* WORK ORDER: Please copy out every line in the records below that includes the word "Haritası".

* MATERIAL PROVIDED:
════

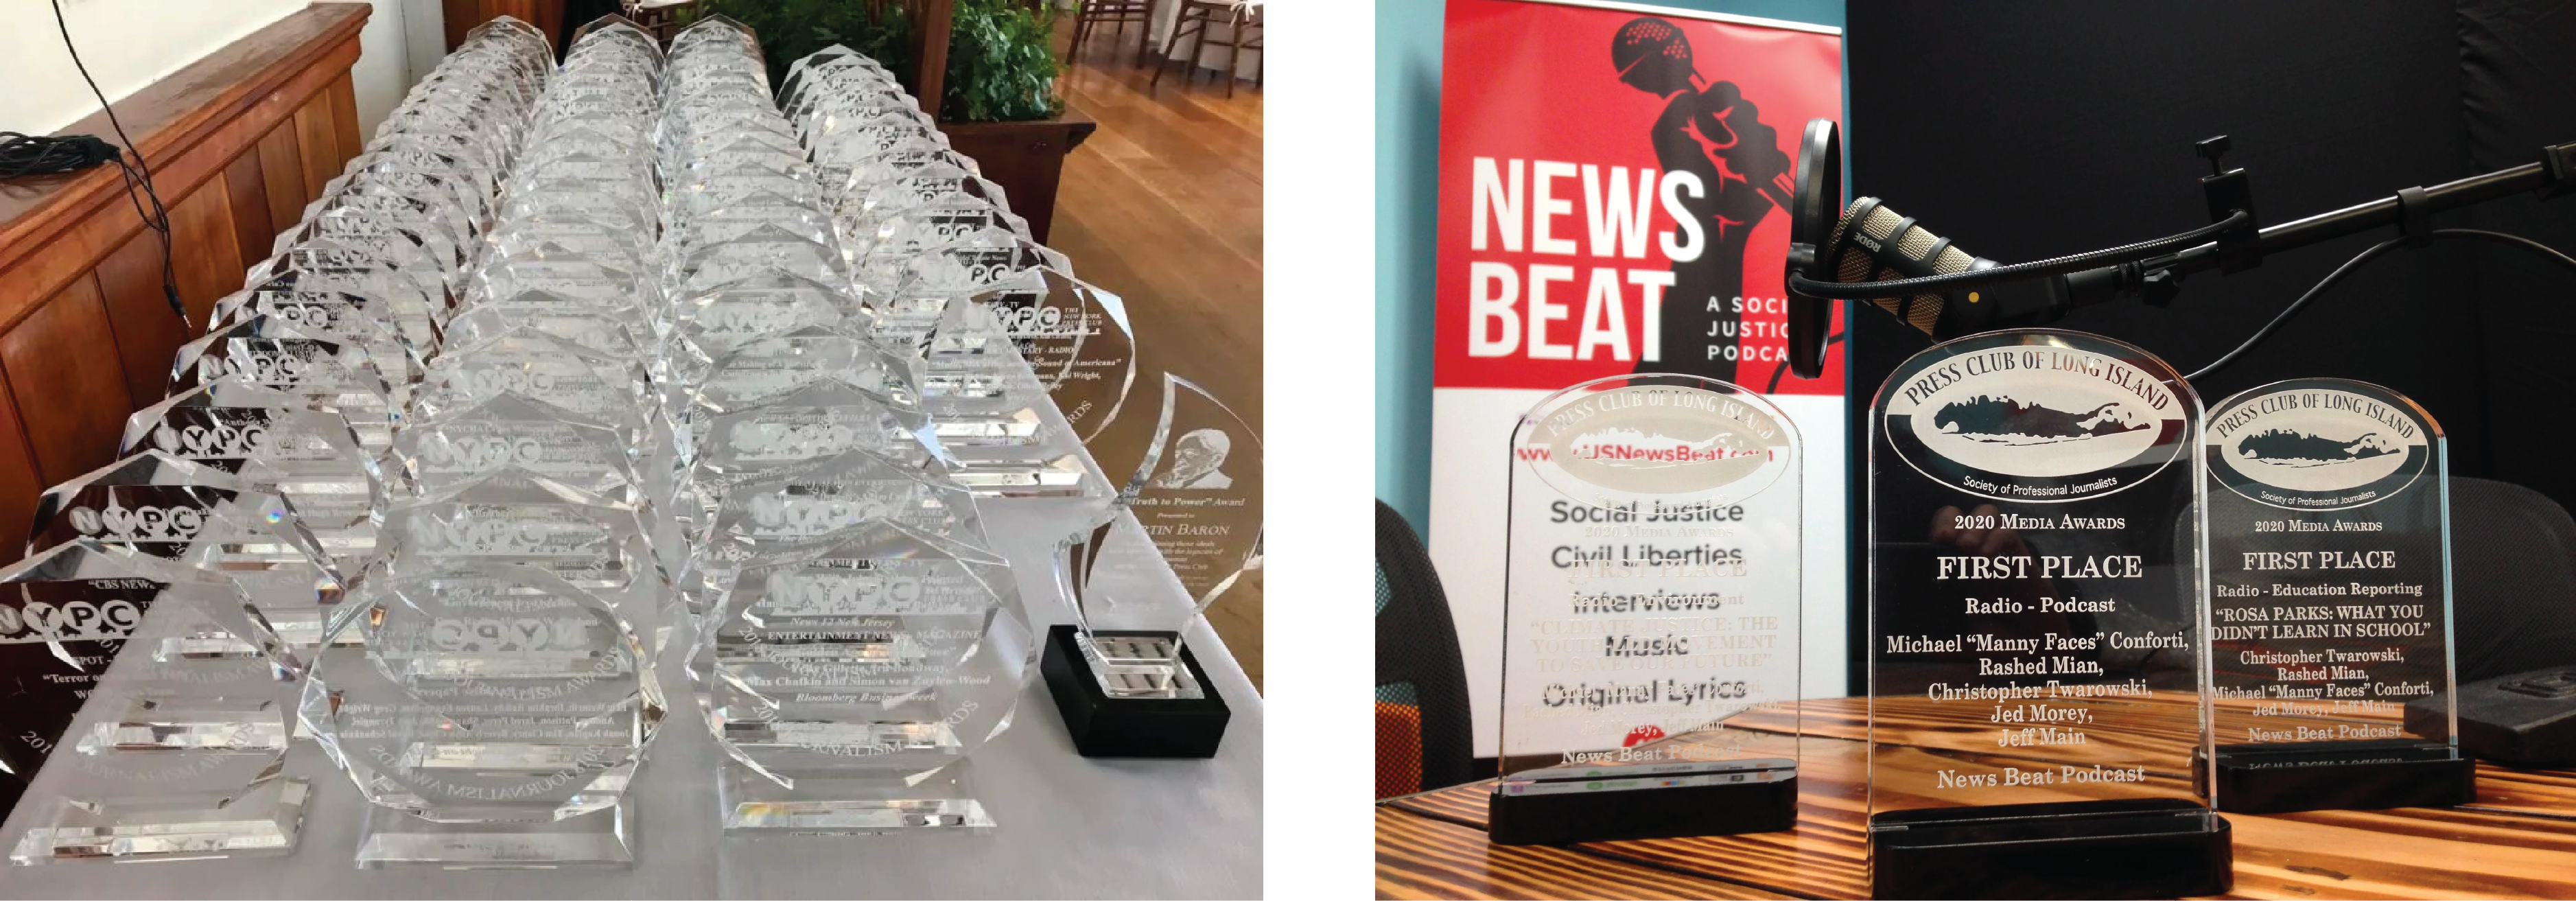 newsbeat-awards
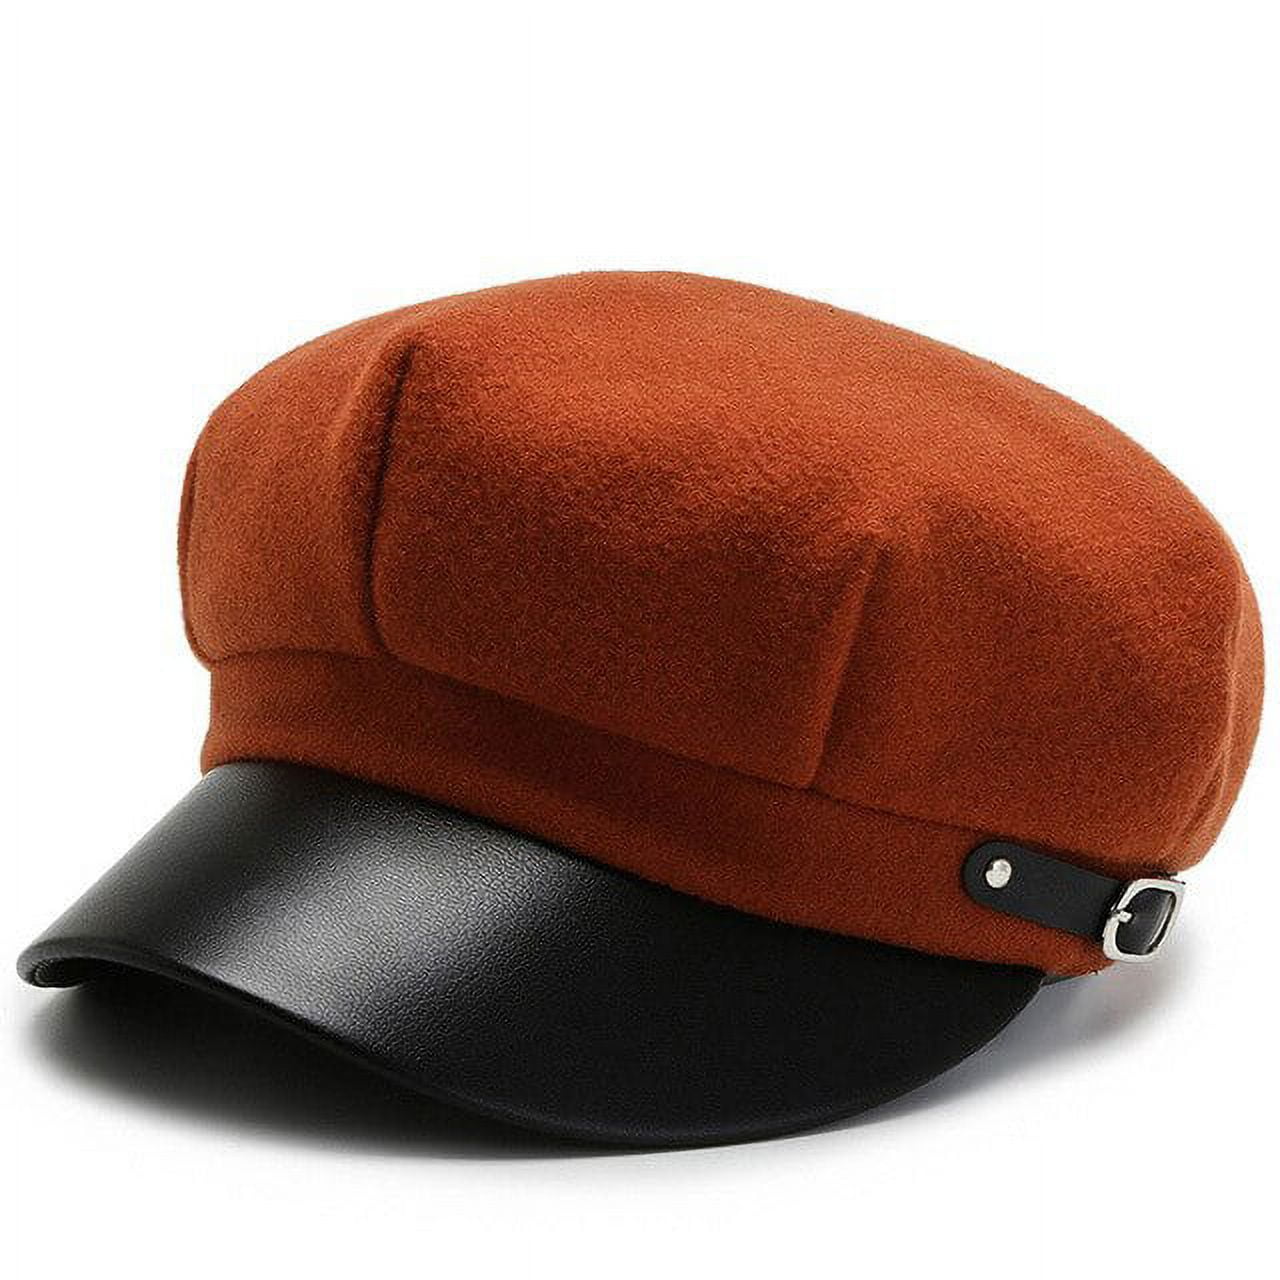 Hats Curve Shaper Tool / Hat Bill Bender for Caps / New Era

════

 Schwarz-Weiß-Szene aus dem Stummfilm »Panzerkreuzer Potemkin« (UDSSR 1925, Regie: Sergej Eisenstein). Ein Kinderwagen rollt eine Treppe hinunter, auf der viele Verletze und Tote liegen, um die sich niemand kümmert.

════

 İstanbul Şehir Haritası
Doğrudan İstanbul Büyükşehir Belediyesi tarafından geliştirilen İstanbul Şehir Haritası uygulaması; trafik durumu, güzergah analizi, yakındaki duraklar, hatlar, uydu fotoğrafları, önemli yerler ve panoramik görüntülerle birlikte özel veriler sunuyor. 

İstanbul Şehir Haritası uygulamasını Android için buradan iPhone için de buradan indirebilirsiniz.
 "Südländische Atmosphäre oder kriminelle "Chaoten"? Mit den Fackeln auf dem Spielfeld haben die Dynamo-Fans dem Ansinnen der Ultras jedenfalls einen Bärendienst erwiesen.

════

* SOLVED PROBLEM:
 İstanbul Şehir Haritası
Doğrudan İstanbul Büyükşehir Belediyesi tarafından geliştirilen İstanbul Şehir Haritası uygulaması; trafik durumu, güzergah analizi, yakındaki duraklar, hatlar, uydu fotoğrafları, önemli yerler ve panoramik görüntülerle birlikte özel veriler sunuyor. 
İstanbul Şehir Haritası uygulamasını Android için buradan iPhone için de buradan indirebilirsiniz.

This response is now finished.